GIVEN DATA -
═══
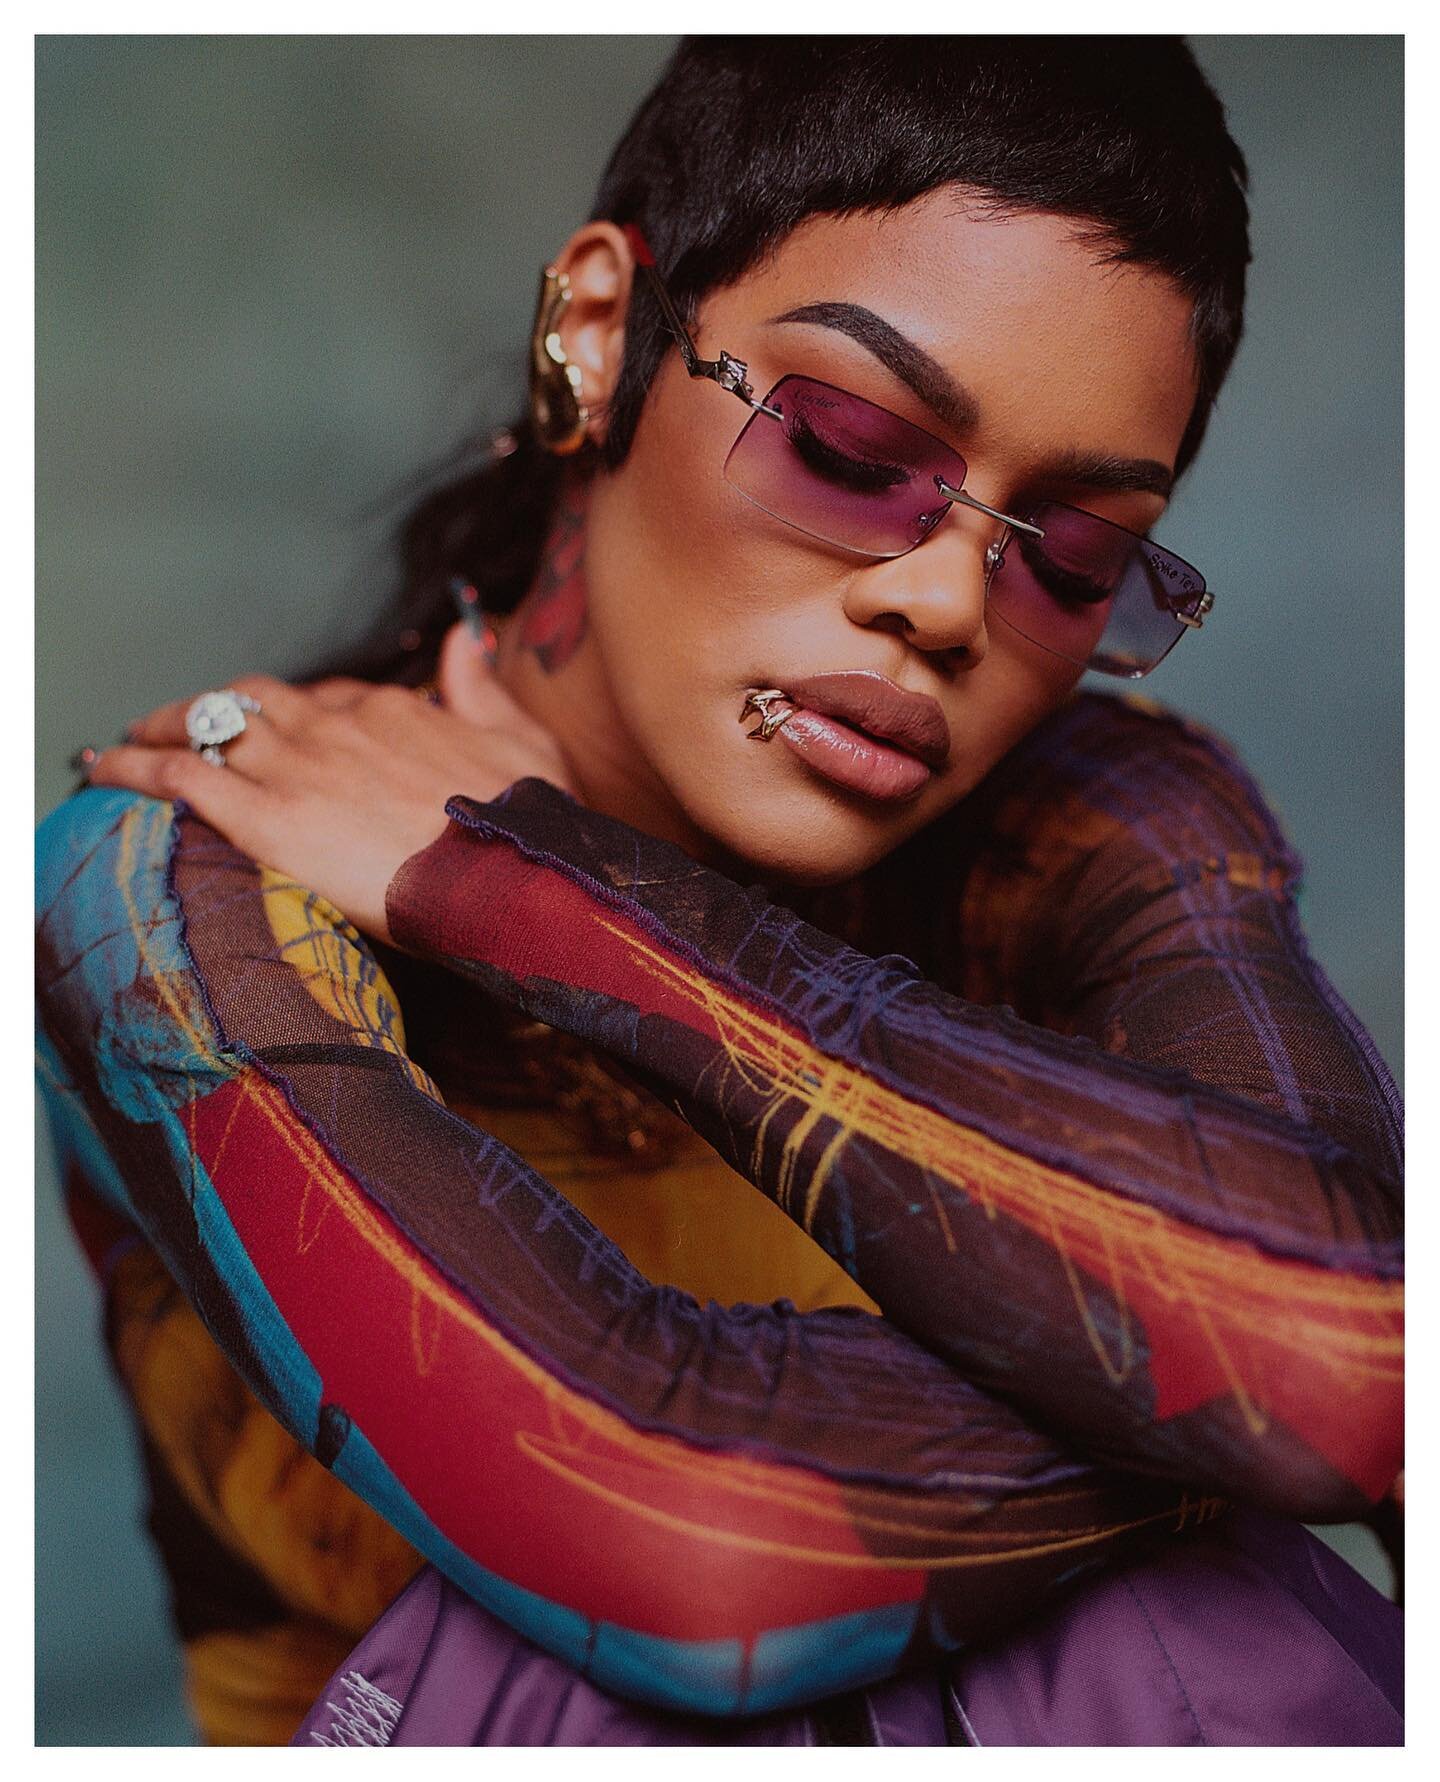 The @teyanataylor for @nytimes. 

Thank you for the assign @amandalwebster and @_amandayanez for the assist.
═══
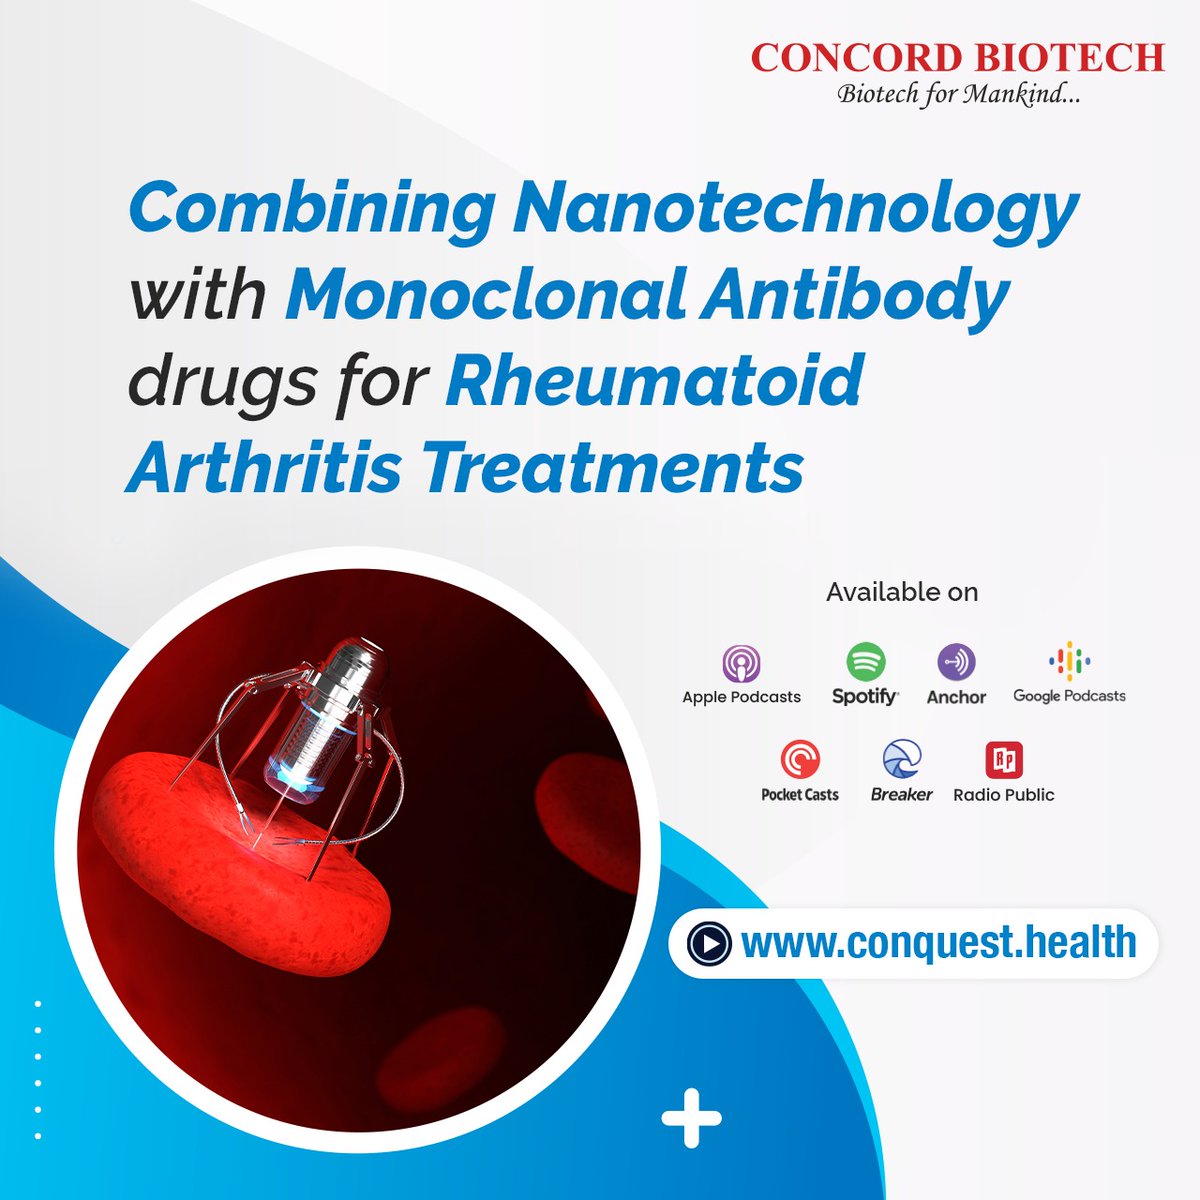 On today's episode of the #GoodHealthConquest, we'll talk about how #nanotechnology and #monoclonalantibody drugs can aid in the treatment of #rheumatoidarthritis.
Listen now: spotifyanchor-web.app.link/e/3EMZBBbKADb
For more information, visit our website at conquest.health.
═══
EXERCISE REQUIREMENTS - Lines wanted from the entries above: the one with "The @teyanataylor for @nytimes.", the one with "Thank you for", and all lines between. Please copy them exactly, without the pictures and without anything else.

TASK SOLUTION -
 The @teyanataylor for @nytimes. 

Thank you for the assign @amandalwebster and @_amandayanez for the assist.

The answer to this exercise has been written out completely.